3. Standard deductions are doubling to $12,000 for single filers and to $24,000 for married filers, so many homeowners won’t have to deduct their interest and property taxes anymore.
4. We have no idea what exactly the bill will do for the market when all is said and done, but for now, we can expect the low-inventory, high-demand market to suffer in high-end areas down the road, while remaining neutral in the short term.
5. To fully understand the bill’s impact on you, see a CPA. Defer your commissions. And if you’re planning an out-of-state move, consider relocating to a low-tax state like Florida, Texas or Nevada.
I’d like to expand on #5 quickly – as Jay mentioned, there will be a new $10,000 cap on tax deductions starting in 2018. If you paid off your property taxes before January, you should be able to save thousands of dollars on that by avoiding the new rule for a year. And if you are planning a move out of the Bay Area to another part of California or another state, you should be consulting a realtor or a CPA to see what kind of savings you can get!

Why rates went down after 4th Fed increase?

My friend Jay Vorhees at JVM Lending wrote another interesting end-of-year blog recently, regarding rates. Despite the Fed increasing rates for the 4th time in 2017, they are still down. Why is that, and how does it affect you?

In Jay’s blog, he notes that 30-year fixed rates have fallen 1/4 percent over the last year even though the Fed has done four increases. On that note, he asks why the Fed’s rate increases don’t push up mortgage rates?

In response, Jay gives two main reasons:

  1. Short-term rates don’t always affect long-term rates
  2. Many factors (besides the Fed) influence rates

Inflation, geopolitical strife, economic news and demand for credit and bank loans are the other main factors named by Jay.
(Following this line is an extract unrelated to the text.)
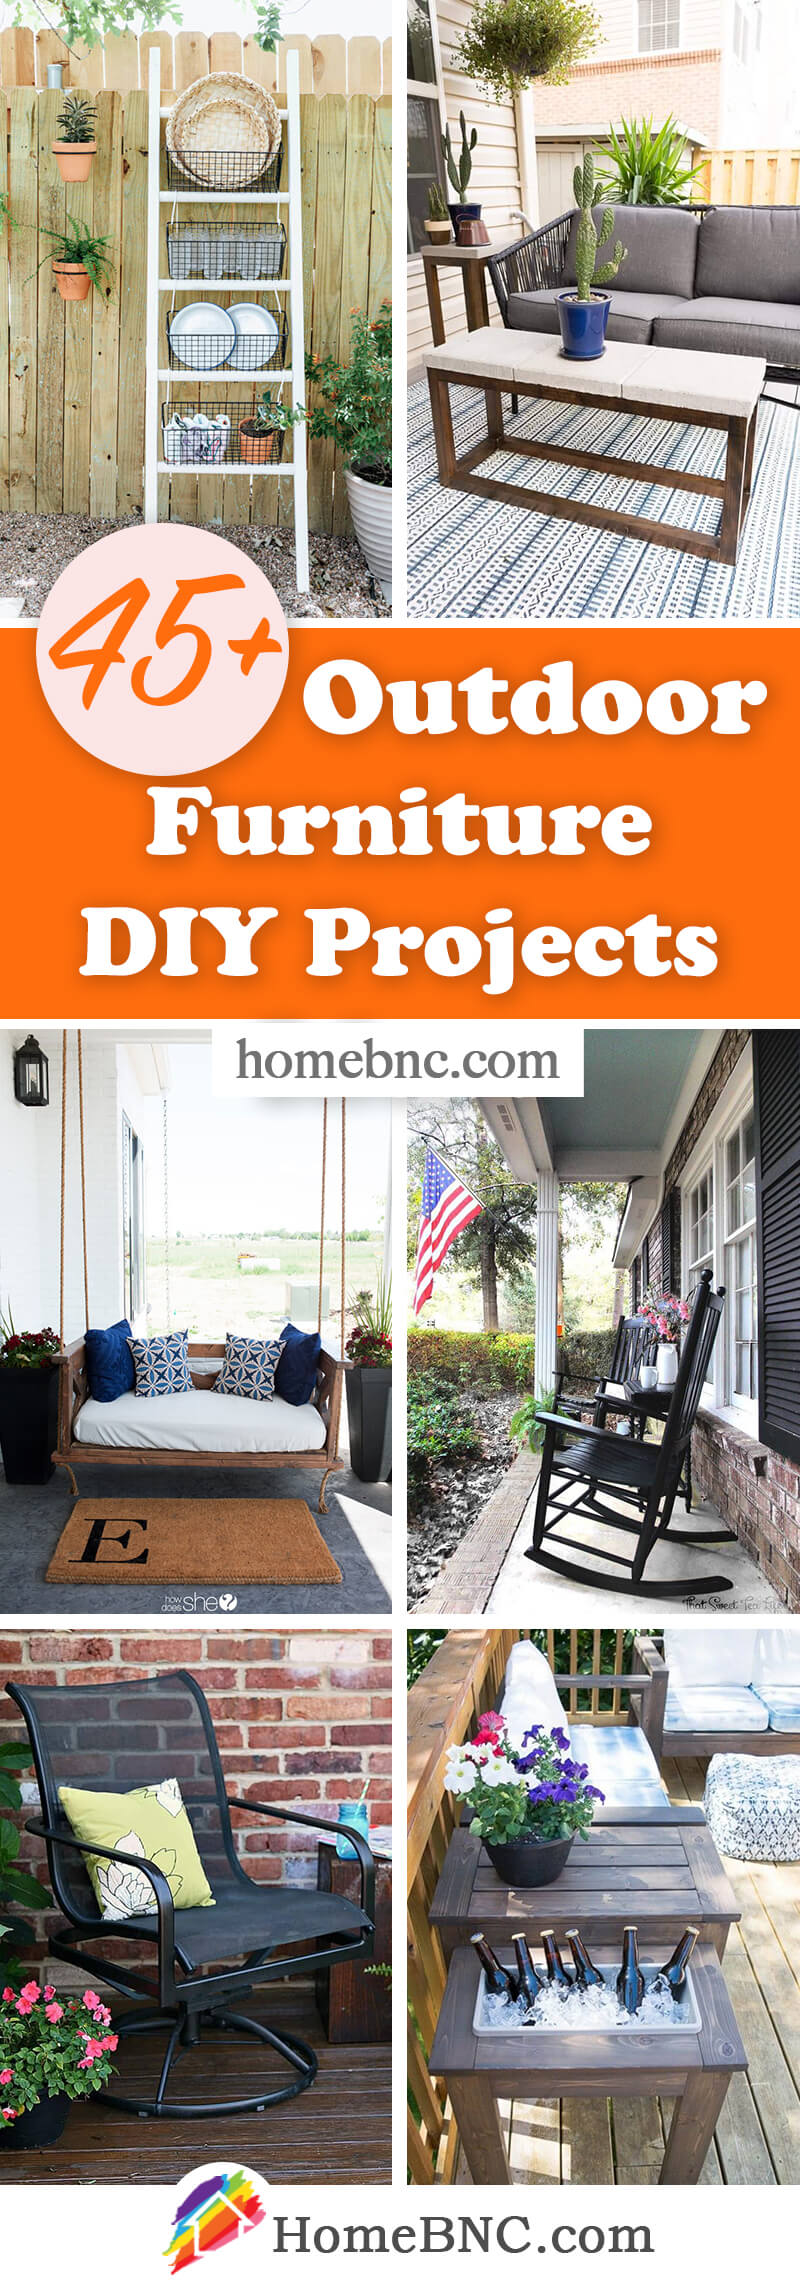 45+ Best DIY Outdoor Furniture Projects (Ideas and Designs) for 2021

Most of those are very relevant in today’s societal and political climate. Basically, the Fed helps influence rates, but isn’t the sole influencer – if investors are pushed out of stocks or bonds into the other, due to war, a poor week on the stock market, etc., rates will change just as rapidly.

So, what does this mean for you?   Rates are going to continue to fluctuate. They are still low, so if you are considering buying, it might be a good time to get off the fence and make a move in 2018!
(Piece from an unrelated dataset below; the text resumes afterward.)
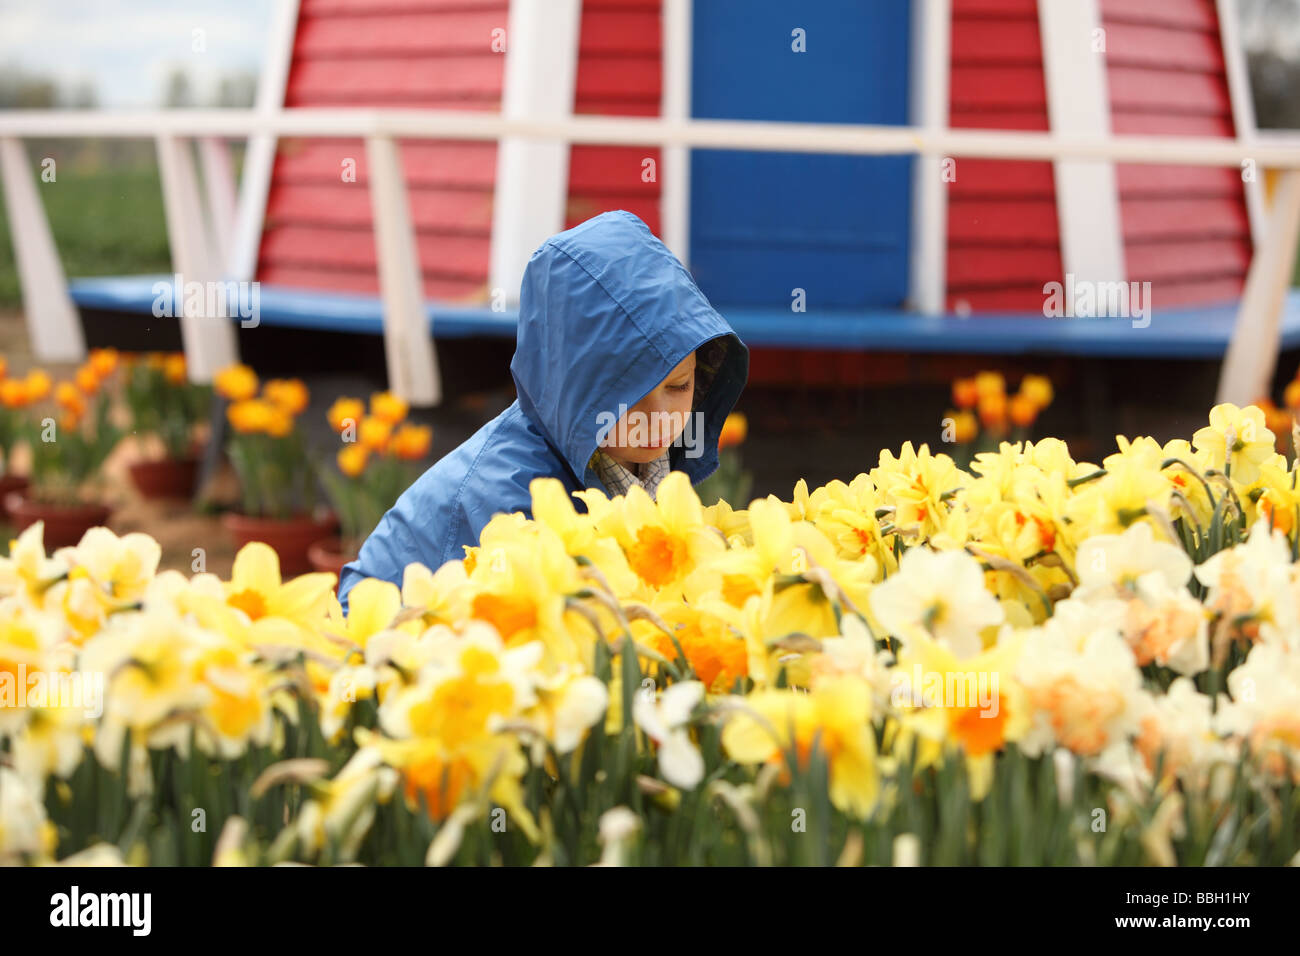 Young boy in rain jacket smelling flowers Stock Photo

Let’s talk about Millennials and Real Estate

My sons are Millennials. My Walnut Creek Lifestyle freelance writer is a Millennial. More and more of my clients and colleagues are Millennials, as that generation continues to age into home-buyers.

So, realtors like myself are starting to notice more trends with the market geared toward that age group. It’s a different real estate market for Millennials than it was for their parents – nowadays, they are graduating with huge student loan debts, having trouble finding lucrative work out of college, and then struggling to pay sky-high rents and mortgages once they do get jobs.

That said, Millennials are driving the real estate market right now, which has made the following observations more obvious.

From San Francisco realtor John Solaegui:

  • There is a low inventory of single-family homes in San Francisco
  • Millennial buyers don’t care about parking spaces (though this might be more prevalent in San Francisco – it’s contradicted by the graphic above!) with the rise of ridesharing apps – they’d prefer having decks or gardens for outdoor entertaining
  • Areas like Noe Valley, Glen Park, Bernal Heights and The Sunset in San Francisco are extremely popular with Millennial buyers right now

From the California Association of Realtors’ REALTOR Magazine:

  • Millennials are cashing in on equity at a historic rate, thanks to rising home prices
  • One-third of Millennials say they are considering applying for a HELOC (home equity line of credit) in the next 18 months – much more than Gen-X or Baby Boomers
  • HELOC’s are popular with Millennials because they can consolidate debt and afford home remodels with them

I think this is an interesting trend in our market. Home prices are high, but so are the debts and loans owed by Millennials, so we’re seeing more and more interest in new ways around that issue. And even more interestingly, Millennials are changing the way we market homes – who cares about parking when you don’t have a car, right?